7 Steps to Open the Healthcare Digital Front Door, Care Access

COVID-19 accelerated adoption of a digital front door, introducing virtual care access at scale. How can organizations utilize that door after the pandemic wanes?

Healthcare organizations looking to unlock the digital front door in healthcare should build up their health IT infrastructure, consider a patient-centered approach, and factor in the impact virtual care will have on clinical workflows, according to a new report from Wolters Kluwer.

The first in a five-part series outlining the post COVID-19 future of healthcare, the report looked at the impact virtual care access and telehealth has had during the pandemic and where it will move in the future.

Like other industry experts, the report authors gave a nod to virtual health technologies and remote patient access, saying these tools were instrumental in stemming the spread of the virus.

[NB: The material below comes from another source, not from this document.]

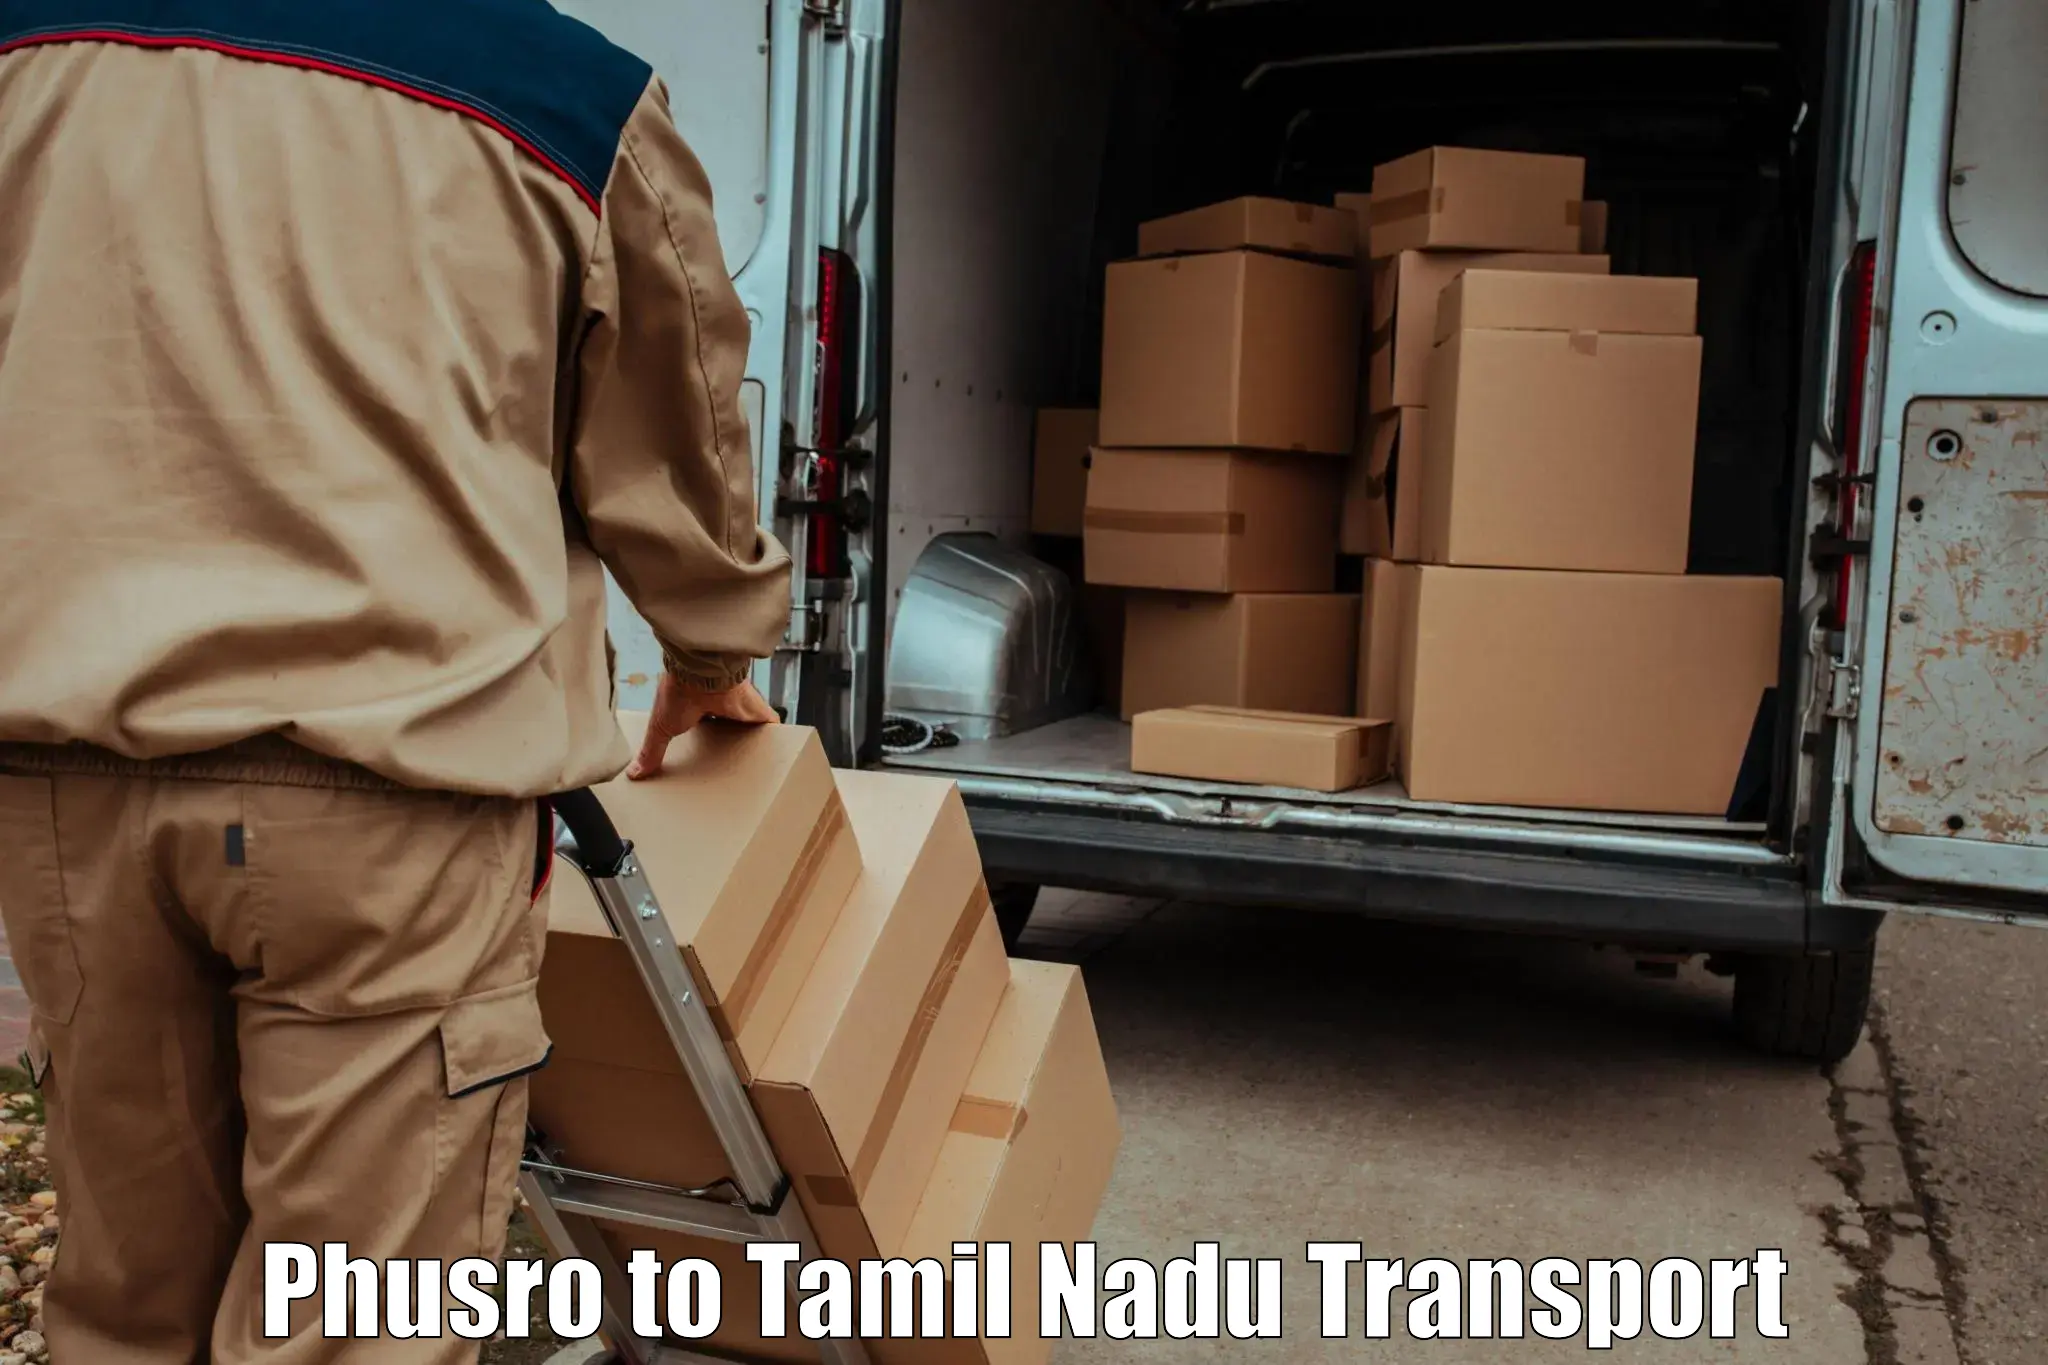 Transport in sharing Phusro to Tiruturaipundi

“The most vulnerable among us were its prime targets, which crystallized just how insufficient the brick-and-mortar care model is in providing people with broad access to care and how incredibly difficult population health management is to achieve,” Wolters Kluwer researchers wrote in the report. “If organizations were considering implementing virtual care strategies before the pandemic, they were now actually forced to accelerate those efforts.”

And from there, digital technology use became widespread, something most patients and providers alike are largely saying is a good thing. Fifty-seven percent of clinicians view telehealth more favorably than they did in 2019, and 64 percent said they are more confident using the technology than before.

Patients are also getting on board. In 2019, 11 percent of patients were accessing healthcare virtually and through telehealth. Now, three-quarters of patients are using technology for care access.

The healthcare industry is in near consensus that these gains in virtual care access are likely here to say, so long as medicine continues to make it easy for the patient to use technology.

After all, virtual care access and the digital front door could be essential tools for addressing health disparities. Traditionally marginalized populations — low-income people, those in rural areas, and older adults, for example — often face barriers to care access that have a downstream impact on their health and wellness.

Sixty-nine percent of individuals living in rural areas, for instance, cited more convenient care access as a top factor influencing them to adopt telehealth.

Meanwhile, the researchers pointed out that healthcare disparities, like the increased odds that Black patients will die from heart disease or have high blood pressure, could be ameliorated by digital access to care. These disparities in chronic disease illness have in small part stemmed from poor patient access to care, and the researchers said digital technology can play a role in addressing that.

“Virtual care and patient engagement strategies can respond to those challenges while also addressing health disparities and risk factors specific to those populations — especially when such strategies combine more frequent patient contact with understanding of the social determinants of health and other health-related data outside the traditional care paradigms,” the research team said.

Of note, factors like access to reliable technology and broadband are also social determinants of health, and they can impede a traditionally marginalized patient’s ability to access virtual care.

In fact, broadband issues and other health IT infrastructure considerations should be top-of-mind when working to keep the digital front door open past the COVID-19 crisis, the researchers noted. This will require healthcare collaboration with government and policymakers who can implement new systems to improve broadband.

Next, healthcare organizations need to ensure patients have adequate digital health literacy to engage with virtual care tools. This will ensure patients not only understand how to use virtual care tools, but see the benefit of doing so.

Third, the researchers recommended segmenting patients based on healthcare need and preference. This could yield more personalized digital health solutions.

On that same note, the researchers also encouraged medical providers to rethink how they engage with patients over this new virtual medium. This will require new considerations for language preferences and different digital health proficiency levels.

Next, the team recommended providers reconsider the patient-provider relationship, pointing out that the digital front door allows providers to understand new aspects of patient health. Virtual care offerings may help providers see more of a patient’s social determinants of health, and therefore augment the care that providers deliver.

One the organization leadership side, it will be essential for executives to understand the effect the digital front door might have on clinician workflows. This will begin with mapping the virtual patient care journey and then aligning that map with clinician workflows. From there, clinical teams need the tools to help them triage patients to the right type of care at the right time.

Finally, the researchers asserted healthcare organizations need to outline how they will measure efficacy of the new digital front door. This will prominently include outcomes and patient experience data, but should also factor in social determinants of health data.

This report is the first in a series coming from Wolters Kluwer. The consulting firm will also issue reports about clinical decision-making, artificial intelligence in advanced disease surveillance, workforce allocation, and health information exchange. These factors are all ones that COVID-19 disrupted this year and that Wolters Kluwer says can be leveraged to shape the overall future of healthcare.